Word for word, retype the lines from the one containing "ONLY & SONS" to the one containing "Веб-камера Logitech HD" below, keeping both end lines and dropping the pictures.

RECORDS FOR THE EXERCISE –
===============

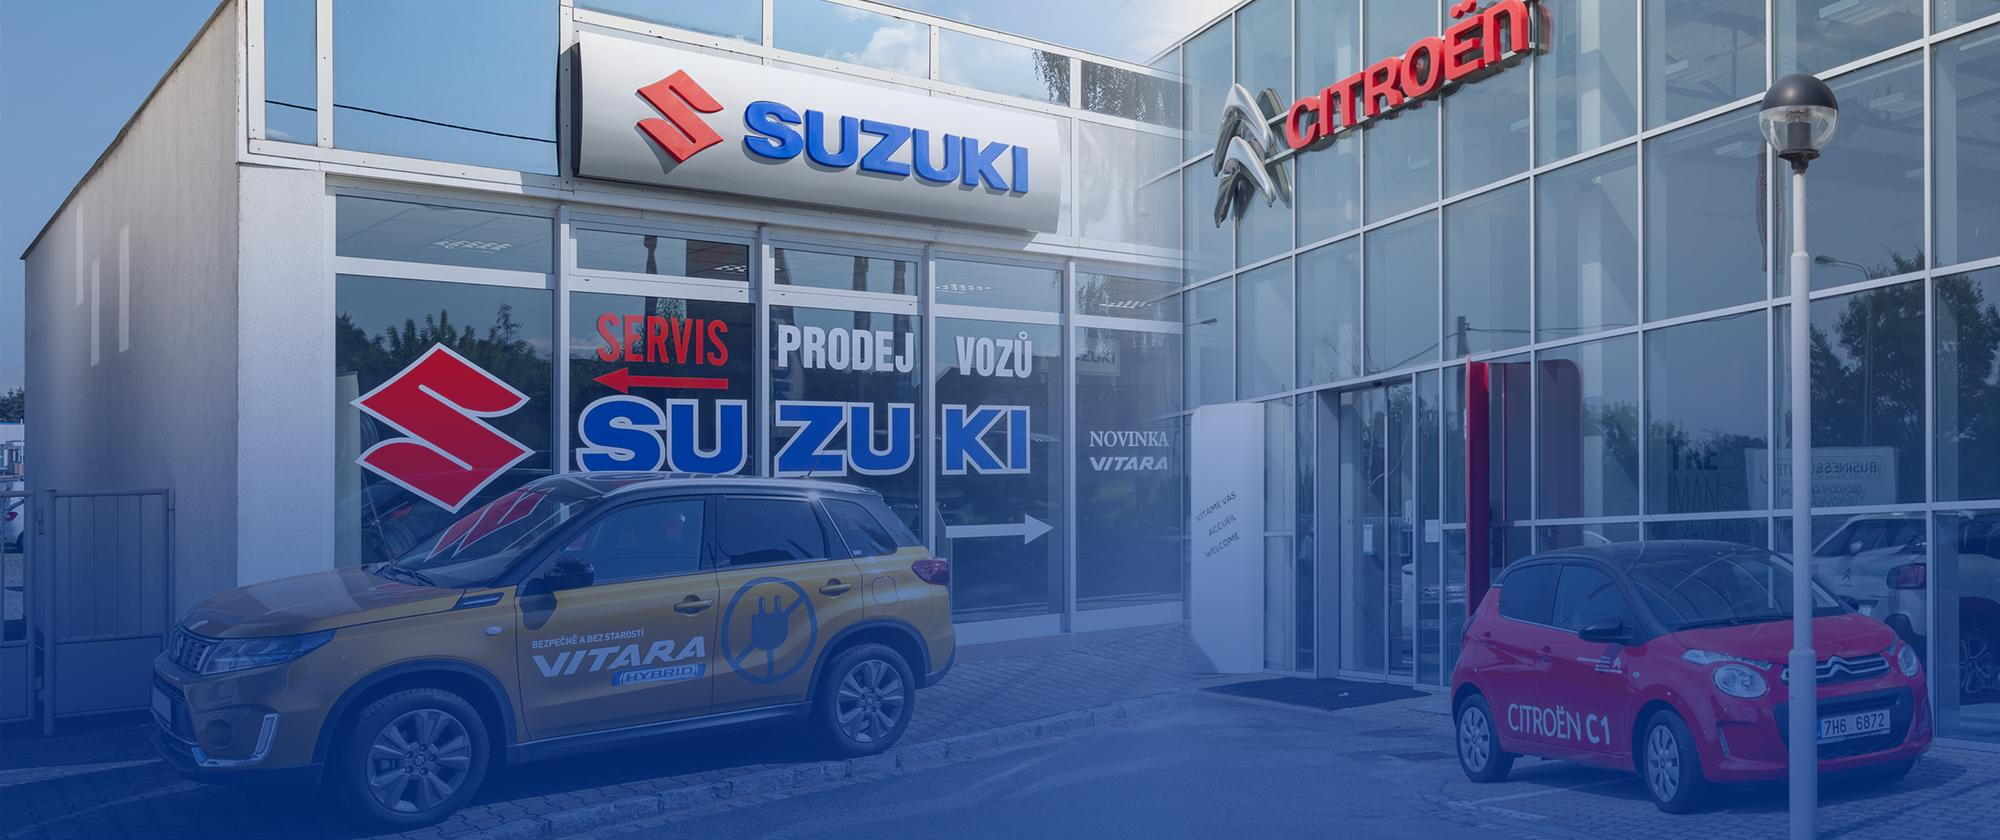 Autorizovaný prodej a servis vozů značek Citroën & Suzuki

===============

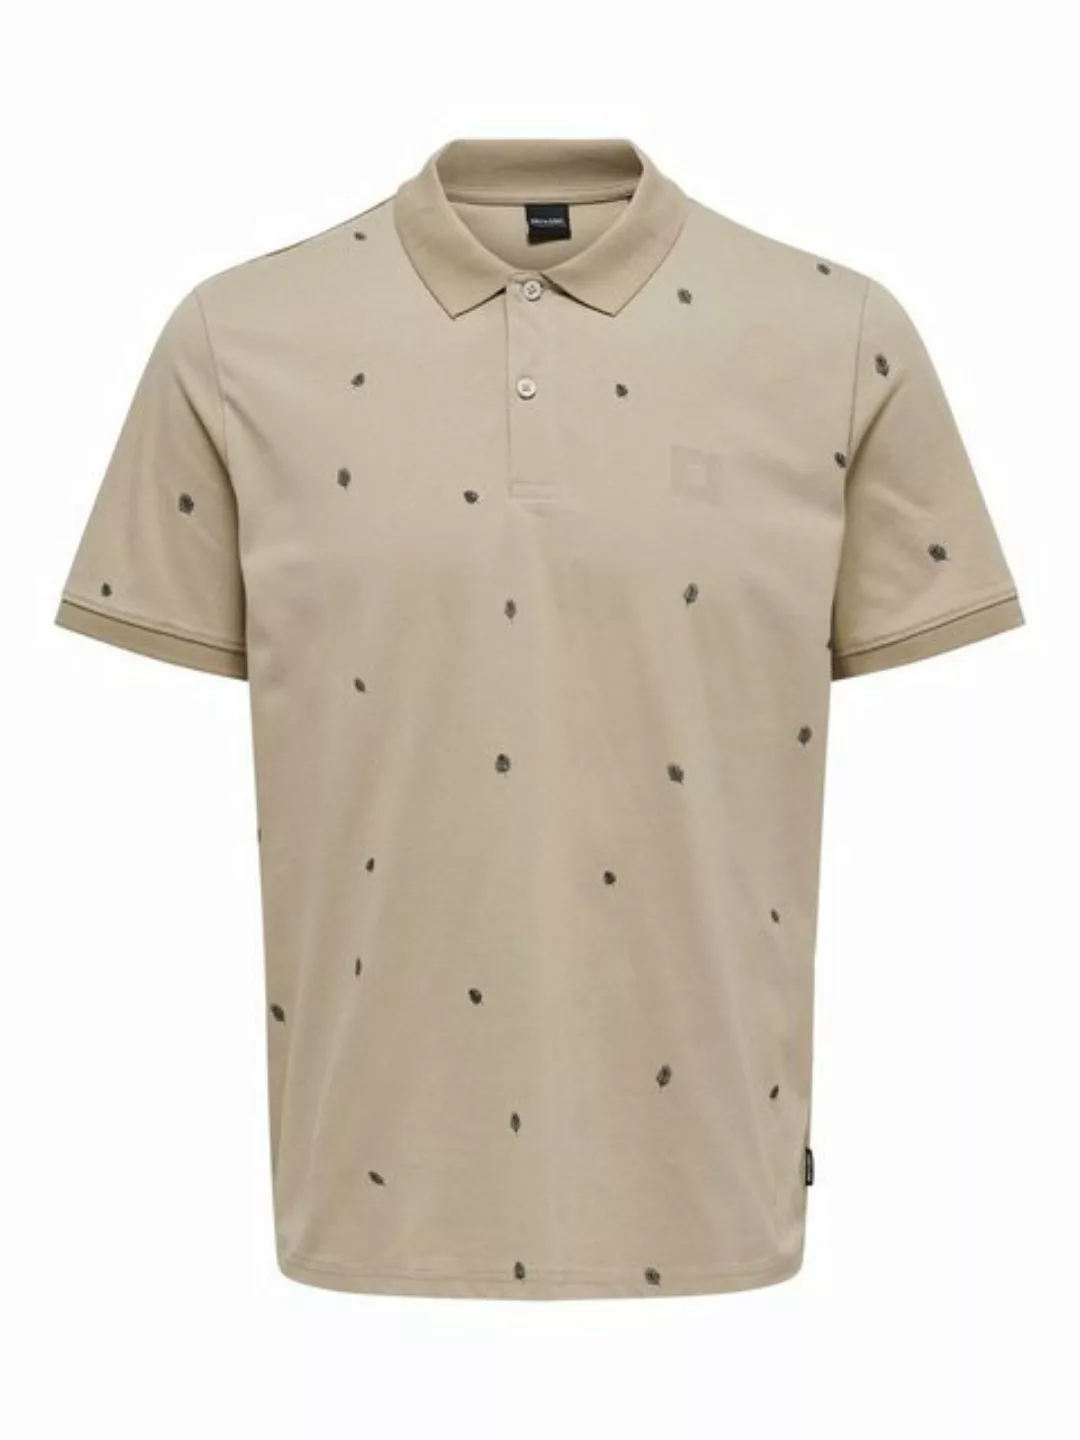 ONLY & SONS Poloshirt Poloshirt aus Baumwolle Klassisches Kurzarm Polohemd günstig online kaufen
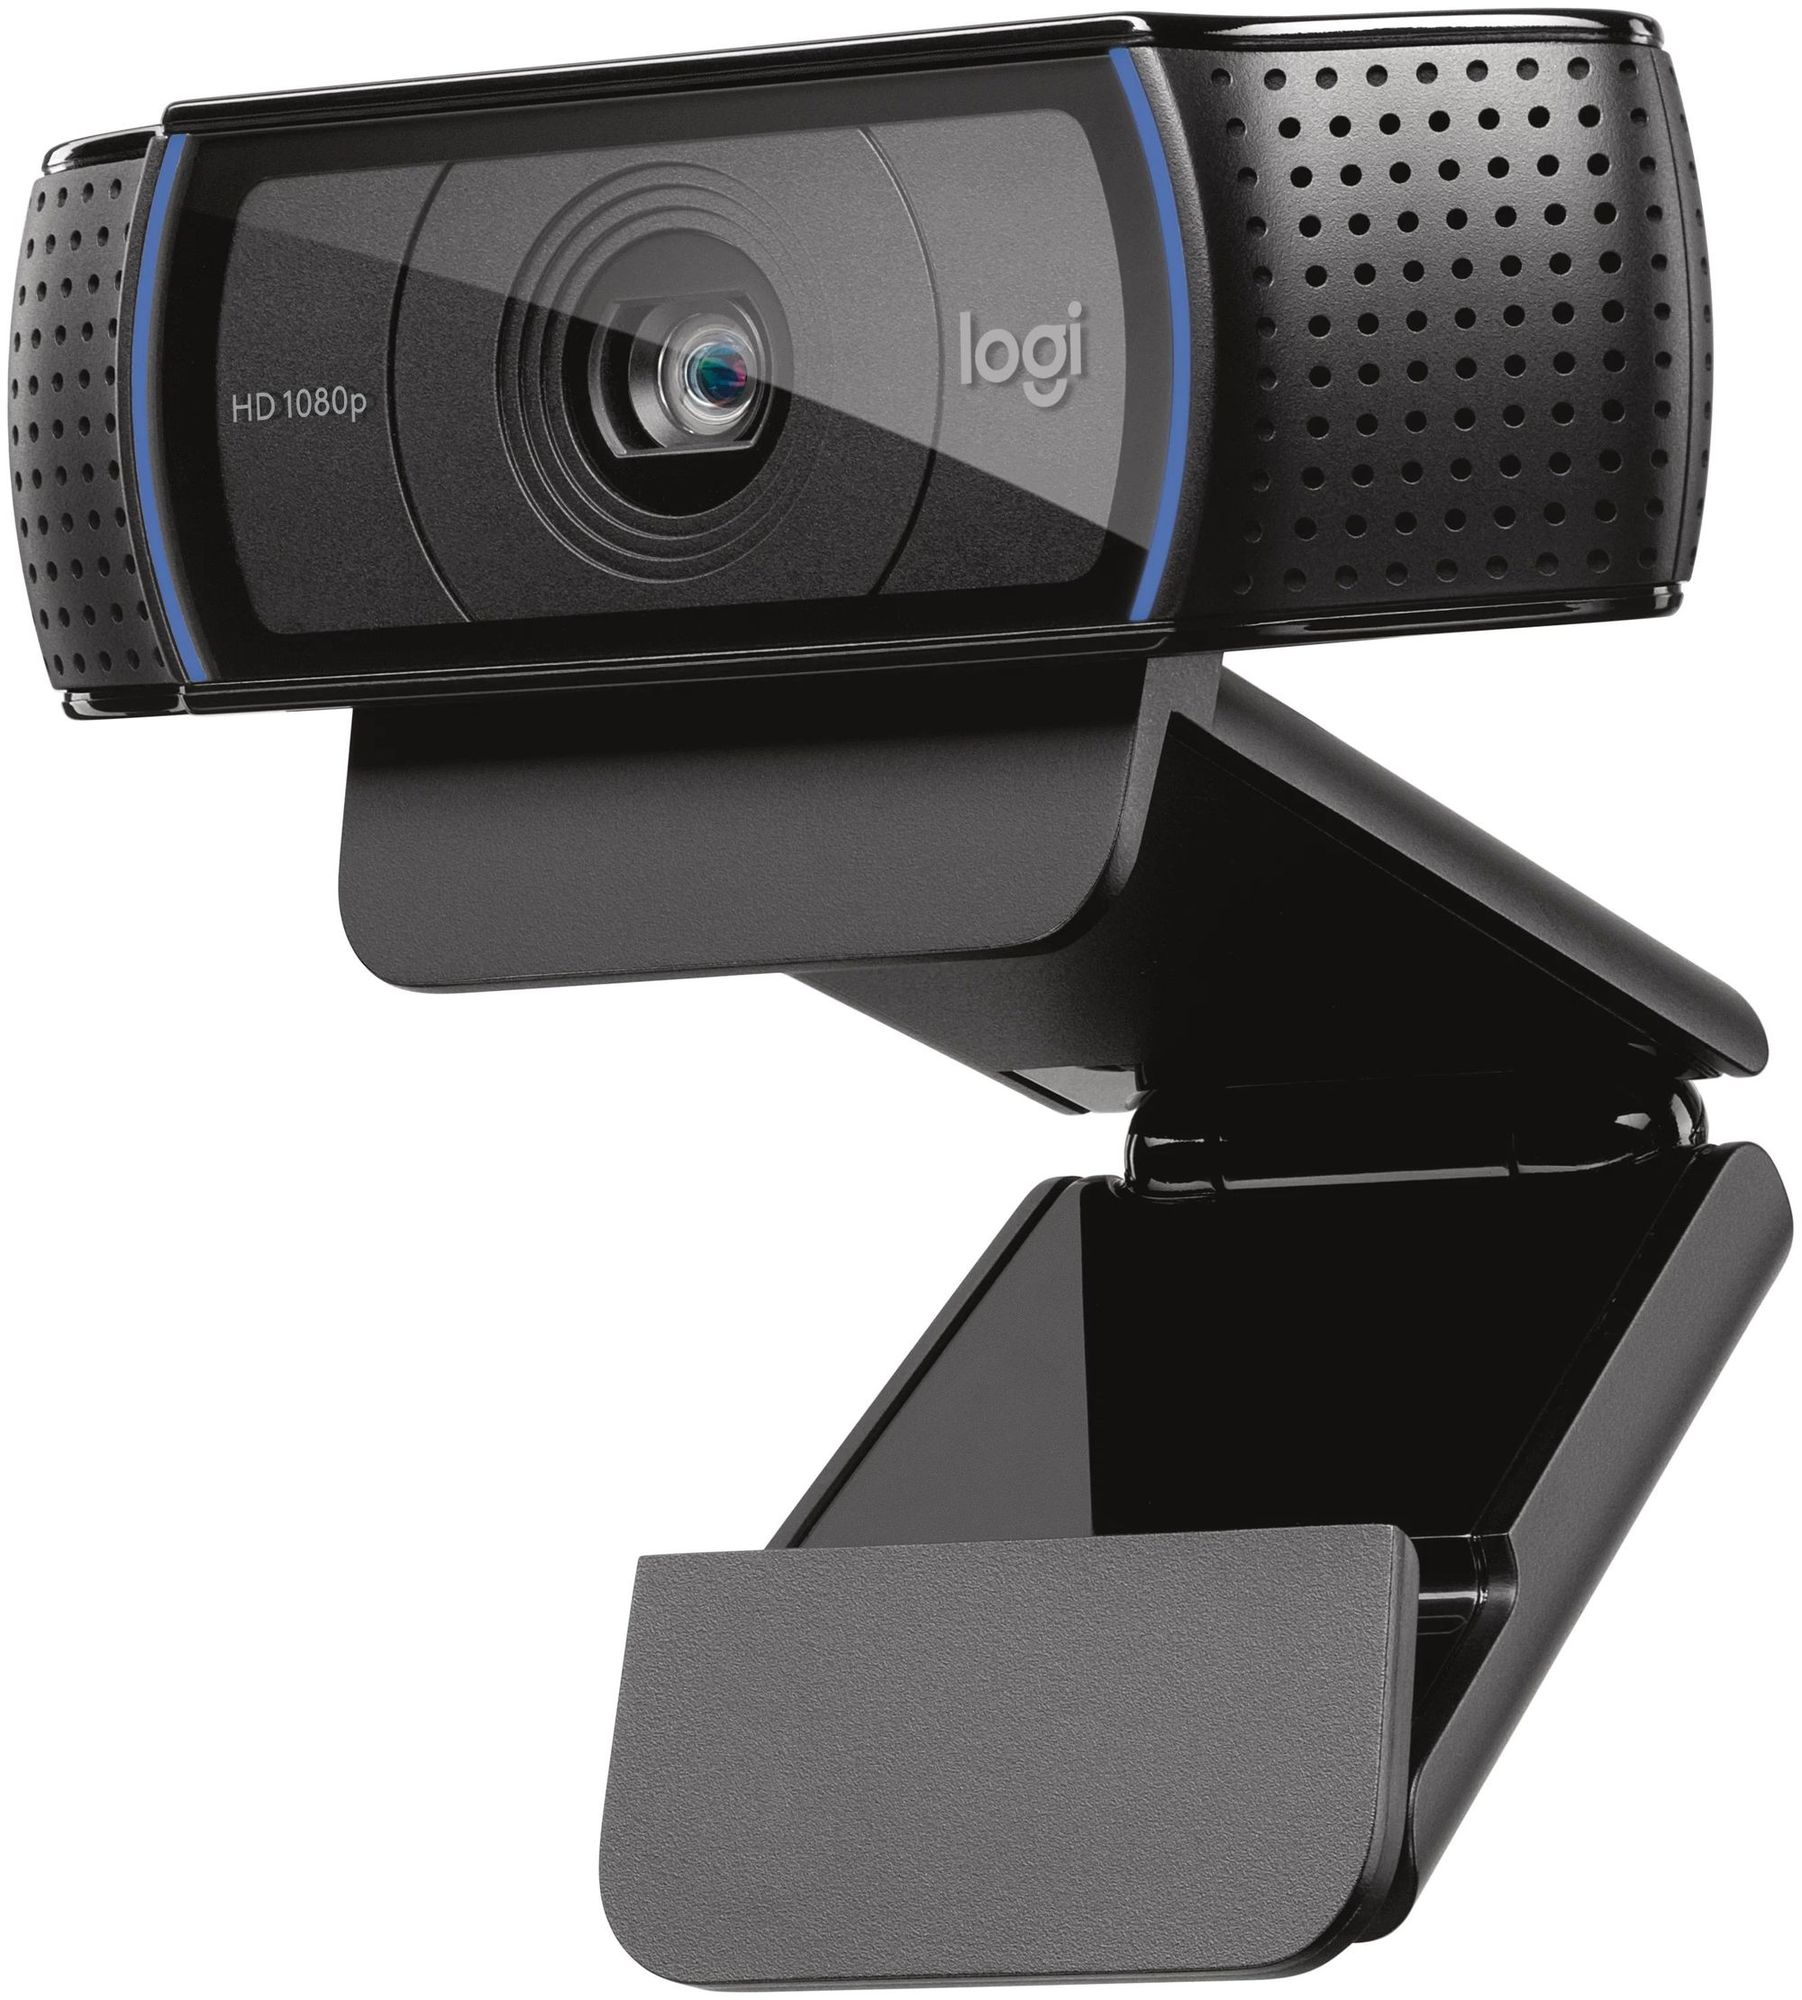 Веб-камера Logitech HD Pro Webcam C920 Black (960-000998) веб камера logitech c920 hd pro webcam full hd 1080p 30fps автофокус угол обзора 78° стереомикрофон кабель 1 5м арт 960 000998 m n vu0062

===============

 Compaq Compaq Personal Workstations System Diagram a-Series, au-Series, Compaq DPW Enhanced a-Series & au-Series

===============

ANSWER TO THIS TASK –
 ONLY & SONS Poloshirt Poloshirt aus Baumwolle Klassisches Kurzarm Polohemd günstig online kaufen
 Веб-камера Logitech HD Pro Webcam C920 Black (960-000998) веб камера logitech c920 hd pro webcam full hd 1080p 30fps автофокус угол обзора 78° стереомикрофон кабель 1 5м арт 960 000998 m n vu0062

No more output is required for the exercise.